Lully, l’incommode
Arte
Lundi 28 décembre 2009 à 23h
Dimanche 3 janvier 2010 à 9h45
L’homme pressé
Il dérange, il dévore tout sur son chemin, écrase toutes critiques, fustige tout adversaire. Lully (1632-1687) incarne une ascension fulgurante à l’ombre du Roi-Soleil. Cet étranger sut s’imposer dans un pays bien peu ouvert à ce que n’est pas français… le documentaire parfaitement léché, à l’esthétique minutieuse et juste, raconte l’itinéraire du musicien florentin qui quitte le moulin paternel de Toscane, pour rejoindre les salons parisiens, d’abord, dès 1646, à 14 ans (!) celui de la maison de la cousine (frondeuse) du Roi, la duchesse de Montansier, dite « la grande mademoiselle ».
Son répétiteur d’italien devient très vite un serviteur zélé qui éblouit par sa grâce musicale, comme parfait violoniste, très bon joueur de clavecin et aussi excellent compositeur. A-t-il appris ou perfectionné ses étonnantes dispositions d’écriture avec les musiciens français du cercle de la Duchesse? Certainement. Le Florentin devient français. Et plus français que bon nombre de son contemporains dans la place.
Sa furie créative agace. Et au moment de La Fronde (quand les princes osent défier l’autorité royale), le baladin sent le vent venir. Après l’échec des seigneurs révoltés en 1652, Louis XIV, traumatisé par ce choc politique qui a failli le déposer, affirme un regain de puissance en mettant en scène la monarchie: Lully participe aux premiers ballets royaux dont celui de la nuit, où le Roi régénéré danse, astre central autour duquel se pressent et s’agenouillent les Grands soumis. Lully offre désormais toute la musique pour le Roi soucieux d’affirmer son autorité. A 21 ans, il danse excellemment aux côtés du Souverain (14 ans).
C’est une époque privilégiée où le monarque danseur et mélomane recherche l’essor des arts et de la musique pour asseoir son pouvoir.

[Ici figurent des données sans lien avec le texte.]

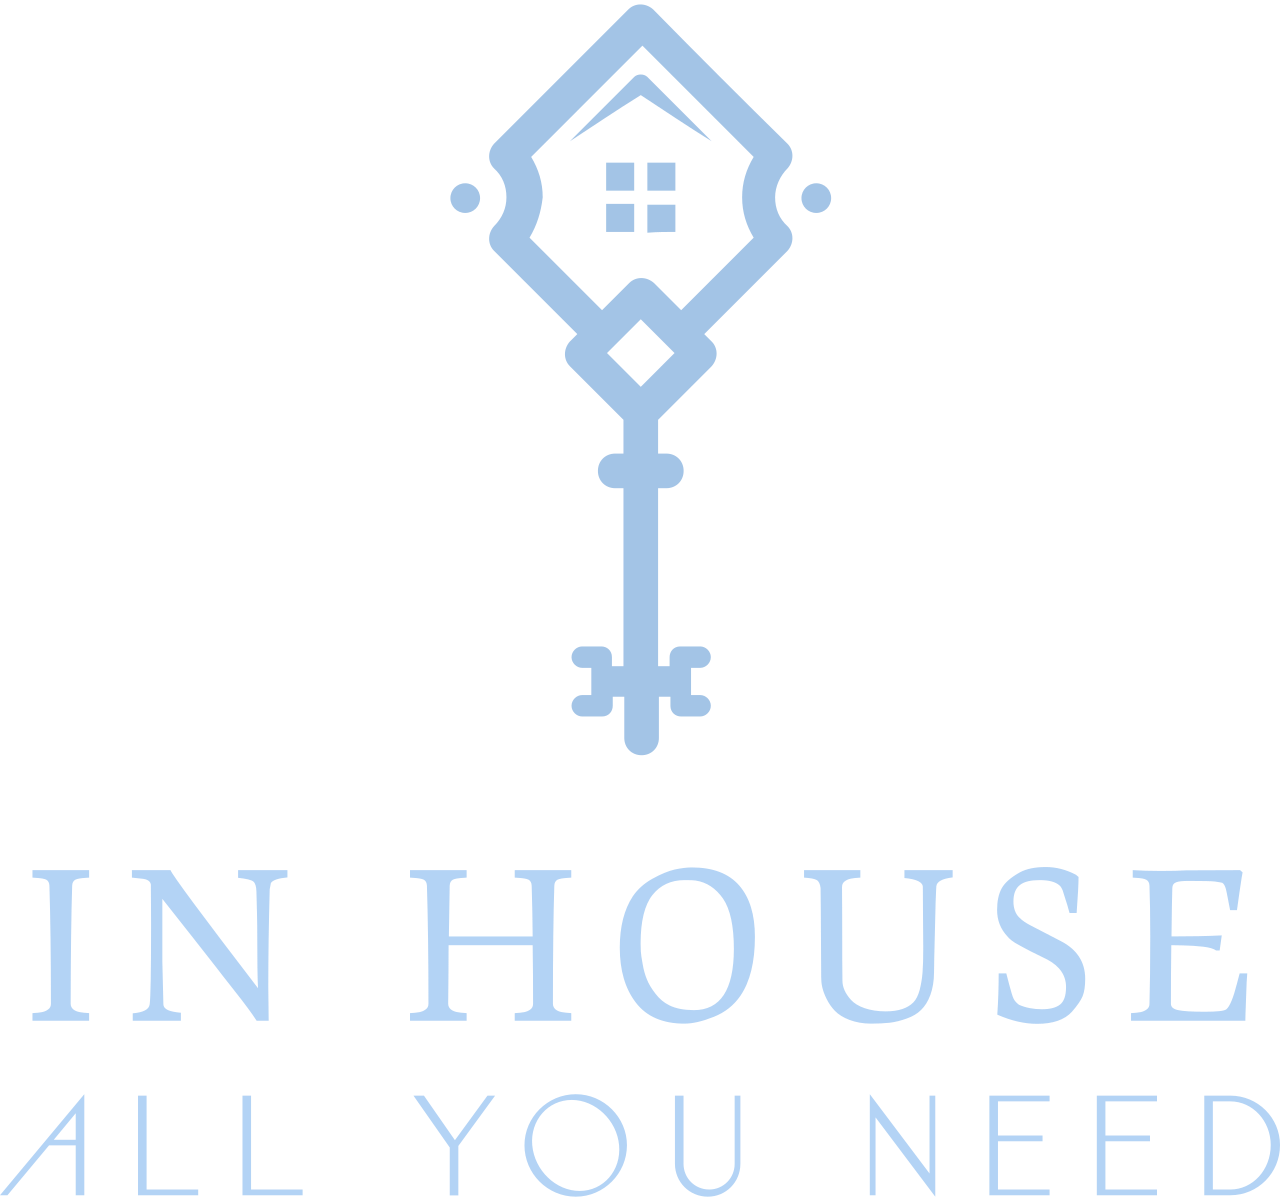 In House's logo

Alors qu’il n’existe pas encore d’opéra français pour chanter la gloire du Roi, Lully sait assimiler tous les ferments de l’art français (danse et airs de cour) pour façonner peu à peu la musique que souhaite Louis XIV.
Dès le début du film, Lully fait figure d’impatient, d’irascible, d’homme pressé qui sait son heure comptée… C’est un incommode, ambitieux, omnipotent: le Surintendant a des allures et des postures de monarque…
Le réalisateur a imaginé la séance de pose où le premier musicien de La Chambre (1653), devenu Surintendant de la musique royale en 1661, quand Louis XIV prend le pouvoir, est le modèle de son portrait par Mignard.
La partie dédiée à la reconstruction des instruments pour Les 24 Violons du Roi est particulièrement intéressante: le projet s’est réalisé en 2008. Il ambitionne de restituer la sonorité de l’orchestre de Lully à Versailles, les fameux 24 Violons du Roi, premier orchestre permanent de l’Histoire, et qui à la façon du Philharmonique de Berlin aujourd’hui, fut le modèle pour l’Europe baroque, jusqu’en 1720. Il est constitué des 5 parties emblématiques de l’esthétique musicale française: dessus de violon et basses de violon aux extrémités du spectre, et surtout, les 3 parties intermédiaires qui ont été ainsi rétablies grâce à l’intervention des luthiers Giovanna Chitto’ et Antoine Laulhère: haute-contres de violons, tailles de violon, quintes de violons, chacune de ces 3 parties, restituée par deux.
Il en résulte un son plus riche, plus opulent, celui que souhaitait Lully pour l’orchestre de Versailles.
La biographie racontée permet aussi de rétablir certains faits historiques comme le soutien de Lully auprès d’autres musiciens de son temps. Il ne fut pas ce fou angoissé de pouvoir, totalement soucieux d’imposer son exclusive: il a su aussi favoriser le talent de composition des musiciens de son temps, comme Marin Marais, génie de la viole, qu’il emploie dans son « atelier » afin d’écrire justement les parties intermédiaires de ses ouvrages…
Documentaire capital pour notre connaissance du musicien, de surcroît très bien réalisé (dans le château de Versailles). De sorte que lorsque le compositeur gravit les marches du palais pour se rendre à la séance de pose, il semble qu’il est le seigneur en son domaine. N’a-t-il pas, -il est vrai-, et à sa mesure, participé à la grandeur de Versailles?
Lully, l’incommode. Documentaire inédit. Réalisation : Olivier Simonnet. 1h30mn, 2008. Arte, lundi 28 décembre 2009 à 23h. Rediffusion, le 3 janvier 2010 à 9h45.